Monday, May 26, 2008

Dept of Energy: CO2 Emissions Rose in 2007

The U.S. Energy Information Administration (part of the Department of Energy) has found that carbon dioxide emissions (CO2) emissions in the U.S. from burning fossil fuels increased by 1.6 percent last year. The preliminary report found that the causes include weather conditions that drove a higher demand for heating/cooling and a higher carbon intensity of electricity supply.

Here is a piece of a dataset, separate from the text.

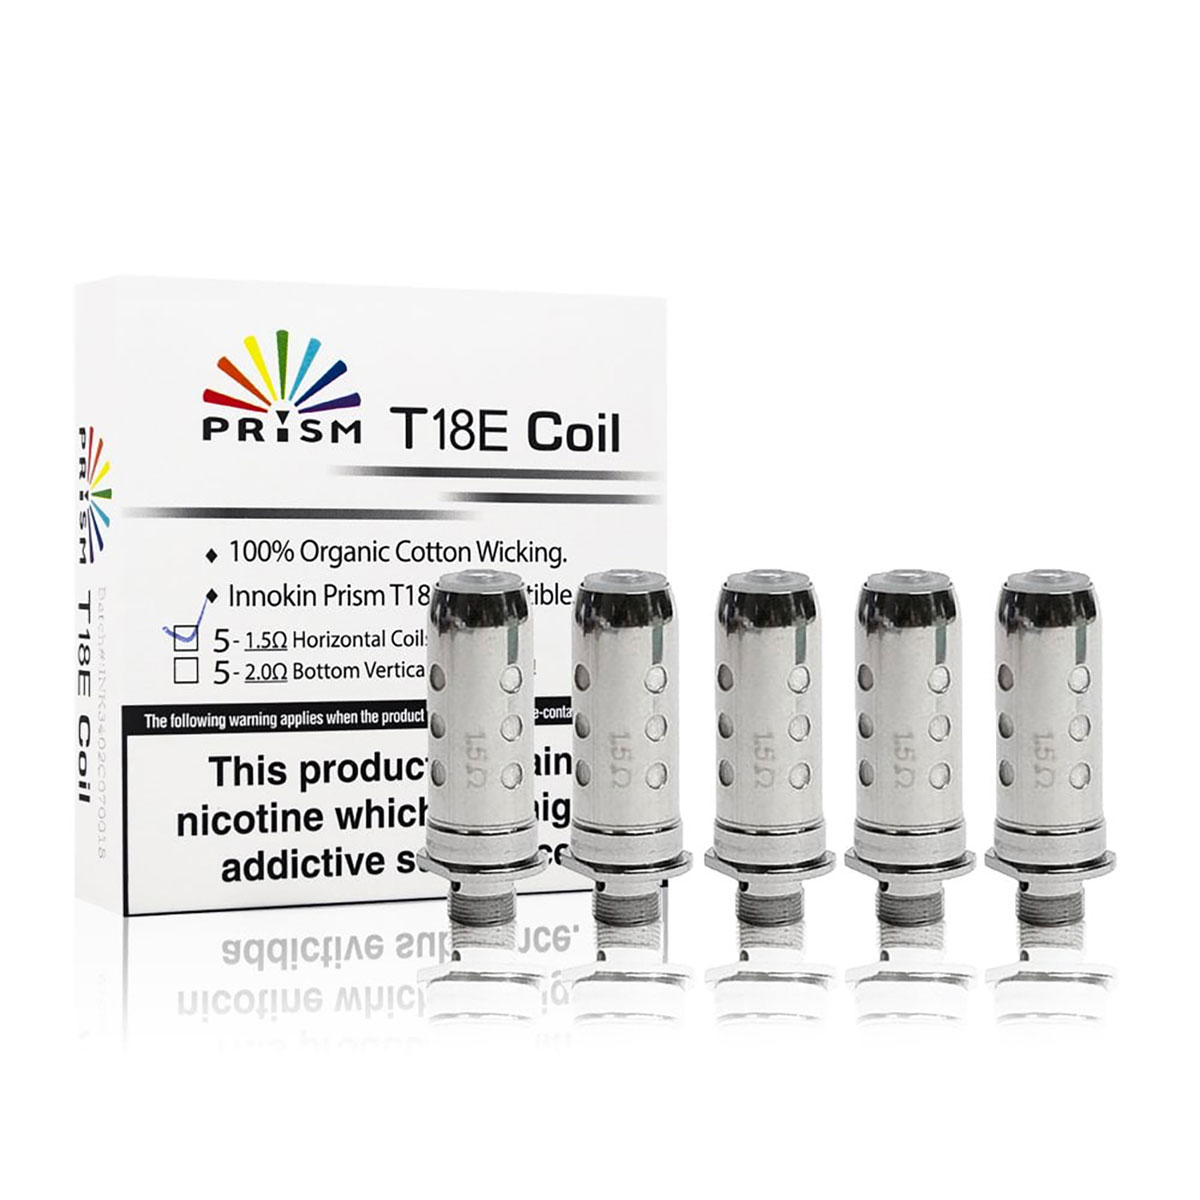 Available at dispergo vaping uk, Prism t18ecoil

Other findings (from the news release):
  • CO2 emissions from residential and commercial sectors increased by 4.4 percent and 4.3 percent respectively, as heating degree-days rose by 6.7 percent and cooling degree-days rose by 2.6 percent.
  • Industrial CO2 emissions fell by 0.1 percent, continuing a trend of falling emissions since 2004.
  • Transportation-related emissions, which account for about a third of total energy-related CO2 emissions, increased by 0.1 percent.
  • With combined industrial and transportation emissions essentially flat, all the growth in emissions came from the residential and commercial sectors.
  • When electric power sector emissions are considered as a whole rather than being attributed to the end-use sectors that consume electricity, they are the largest single source of U.S. carbon dioxide emissions, representing 40 percent of total emissions. In 2007, emissions from the electric power sector increased by about 71 MMTCO2 or 3 percent, while power generation increased by 2.5 percent. The increase in the emissions intensity of generation of 0.5 percent reflects, among other factors, a decline in non-fossil-fueled generation, as increased generation from wind and nuclear power of 6 and 19 billion kilowatthours, respectively, did not offset a drop in hydro-generation of 40 billion kilowatthours (kWh).

A full report on all global warming emissions in 2007 will be issued in November 2008.


qtsoul said...

The government should really take this seriously, co2 emissions not only affect the weather but also our health. People should take responsibly in doing their part. GO GREEN!

MB said...

I've just been checking the degree days for a few major US cities at Degree Indeed there were more degree days in 2007 than in 2006.

But I'm always sceptical when degree days are used to explain changes in energy consumption. It's very easy to choose a calculation process and figures to support whatever it is you want to show (typically justification for an increase in energy consumption). It's less common for degree days to be used to explain a reduction in energy consumption!